Exercise instructions:
Your copy of the listing should be exact and should contain no pictures.

Material provided:

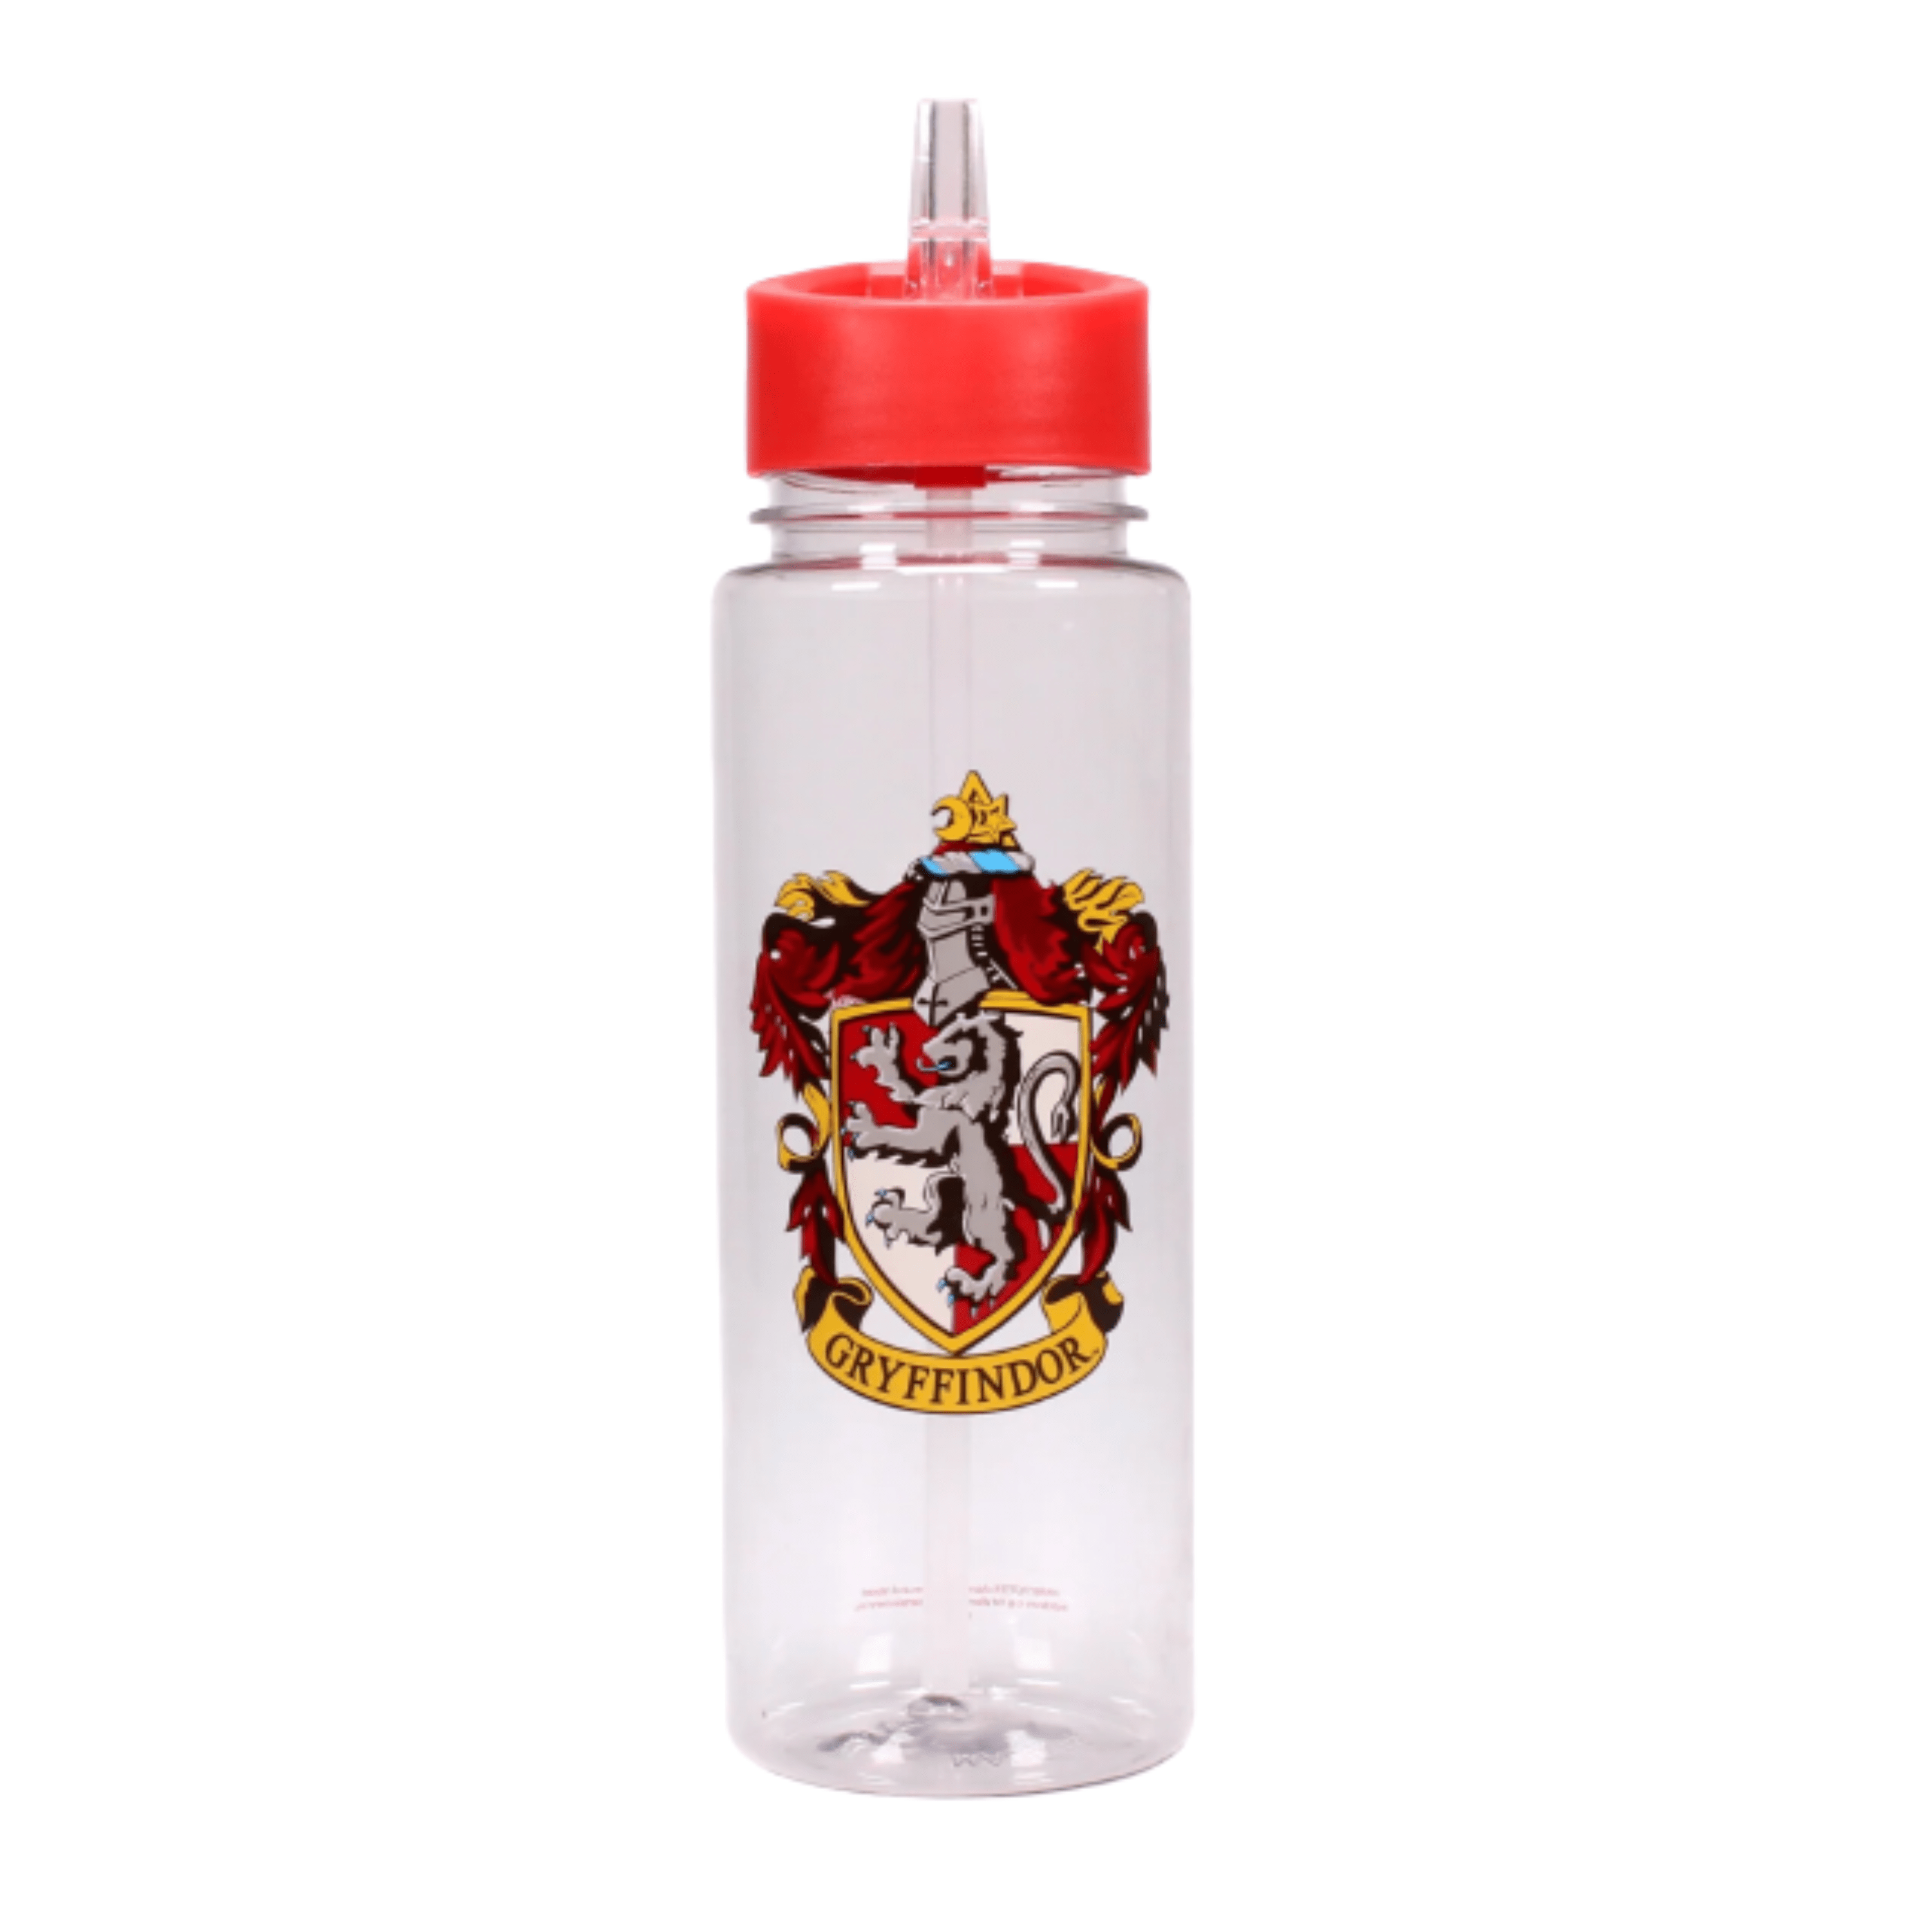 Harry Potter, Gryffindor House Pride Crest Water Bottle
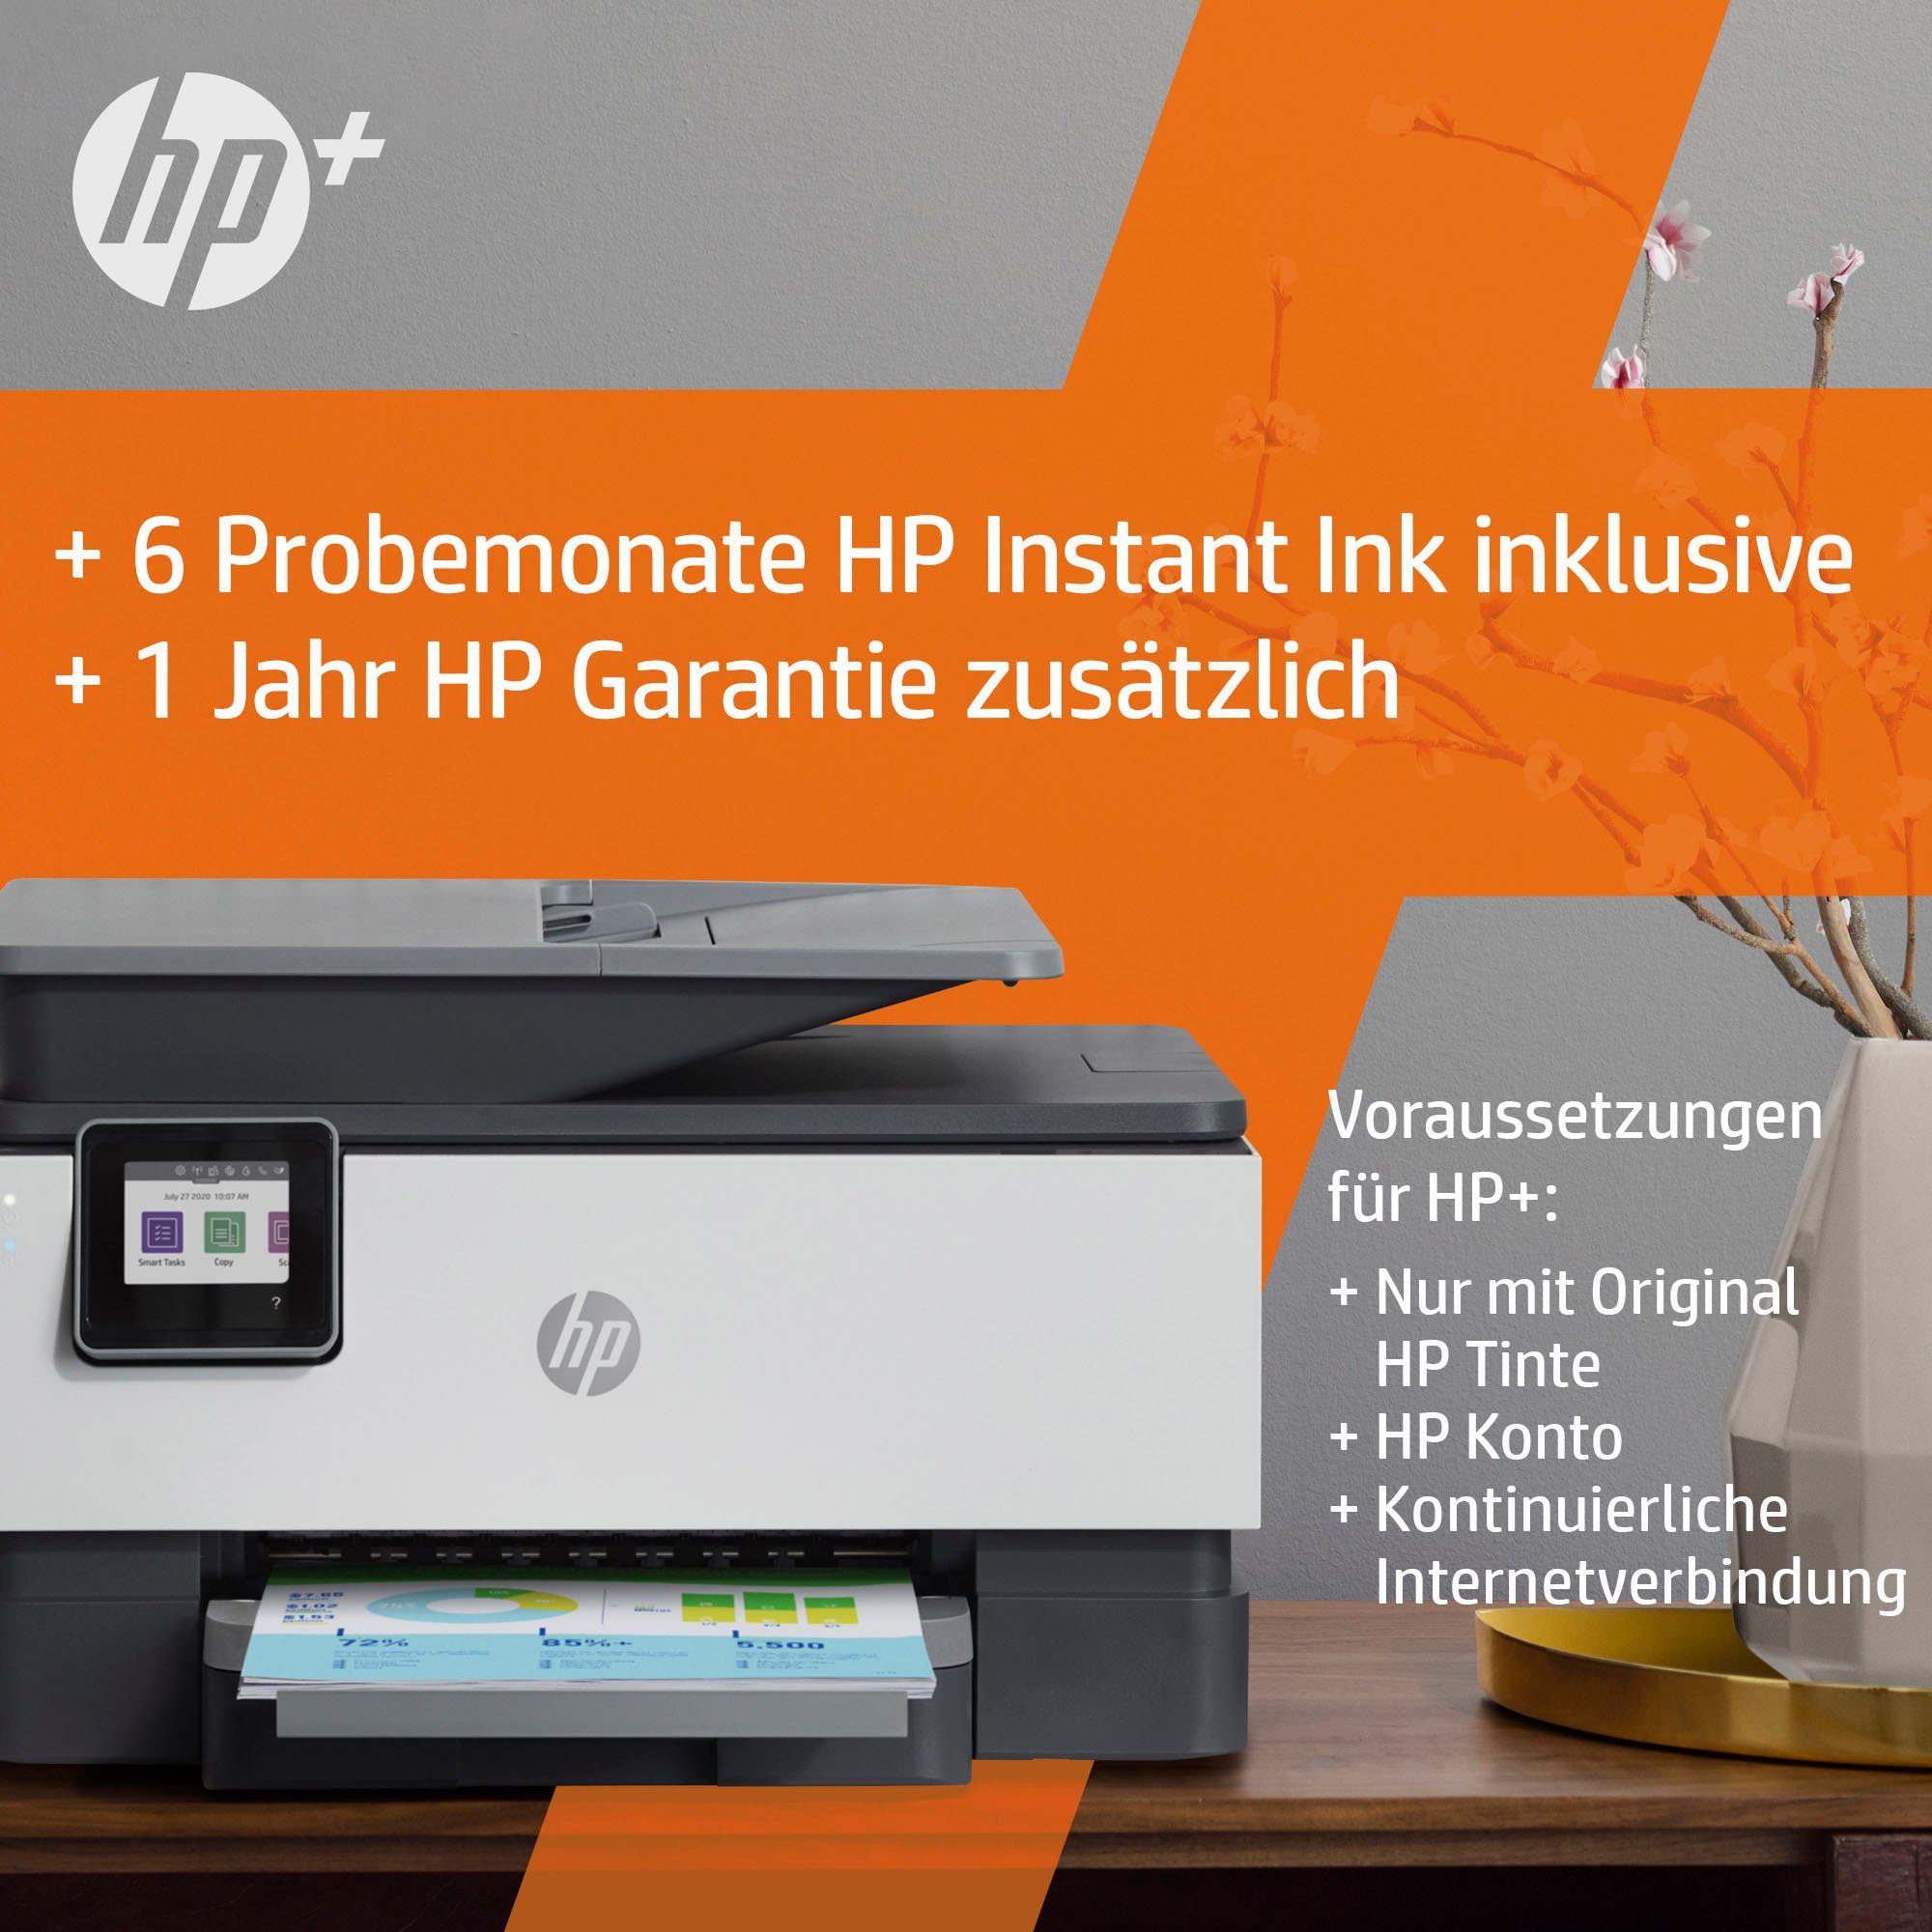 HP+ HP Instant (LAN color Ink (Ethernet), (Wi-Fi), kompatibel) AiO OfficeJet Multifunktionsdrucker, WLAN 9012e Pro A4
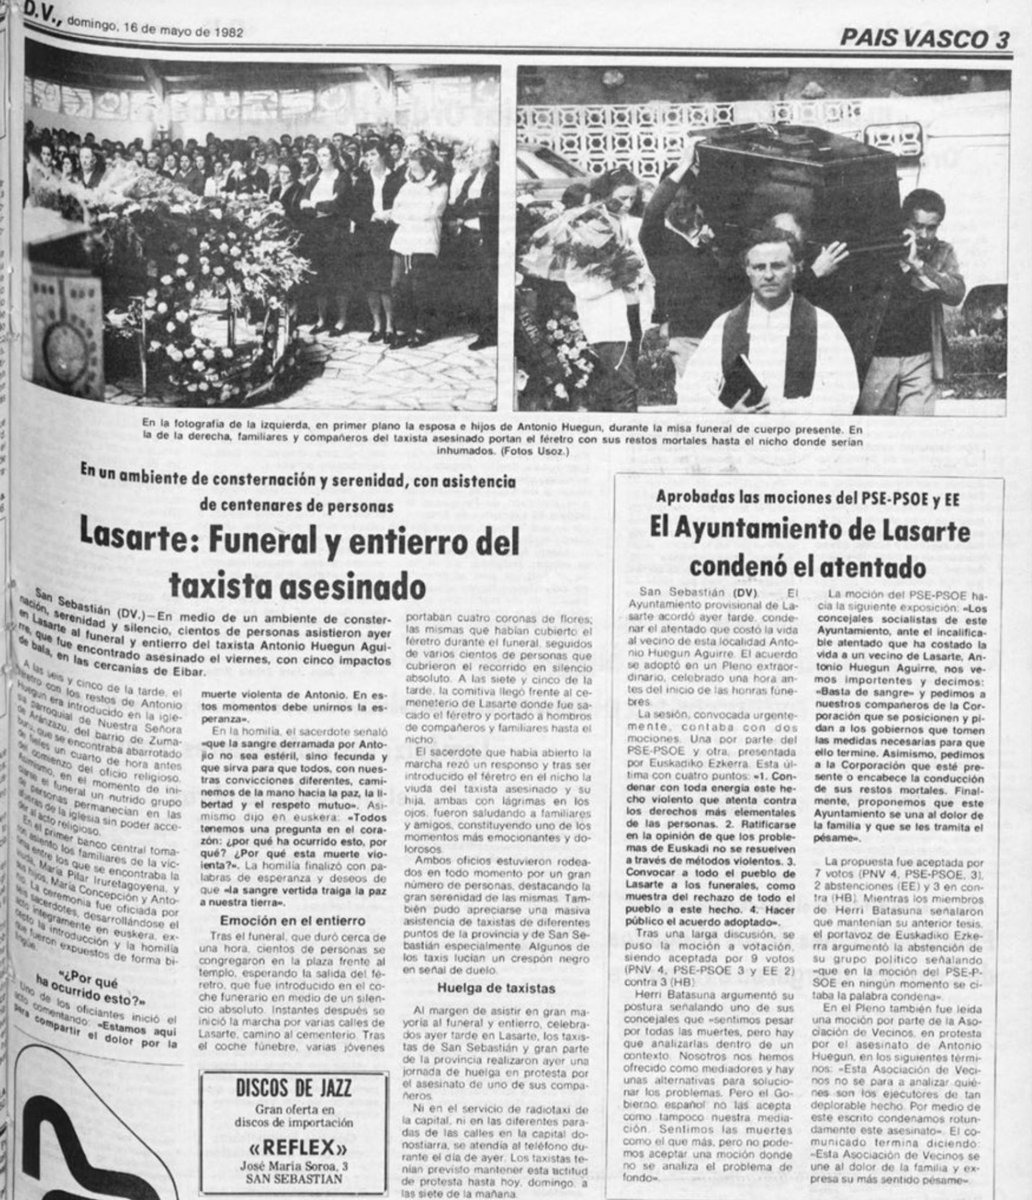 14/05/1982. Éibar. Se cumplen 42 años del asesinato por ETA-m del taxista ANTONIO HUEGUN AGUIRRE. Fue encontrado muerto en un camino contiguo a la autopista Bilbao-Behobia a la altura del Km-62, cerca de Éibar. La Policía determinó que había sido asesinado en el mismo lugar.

Solved problem:
 Harry Potter, Gryffindor House Pride Crest Water Bottle
 HP+ HP Instant (LAN color Ink (Ethernet), (Wi-Fi), kompatibel) AiO OfficeJet Multifunktionsdrucker, WLAN 9012e Pro A4
 14/05/1982. Éibar. Se cumplen 42 años del asesinato por ETA-m del taxista ANTONIO HUEGUN AGUIRRE. Fue encontrado muerto en un camino contiguo a la autopista Bilbao-Behobia a la altura del Km-62, cerca de Éibar. La Policía determinó que había sido asesinado en el mismo lugar.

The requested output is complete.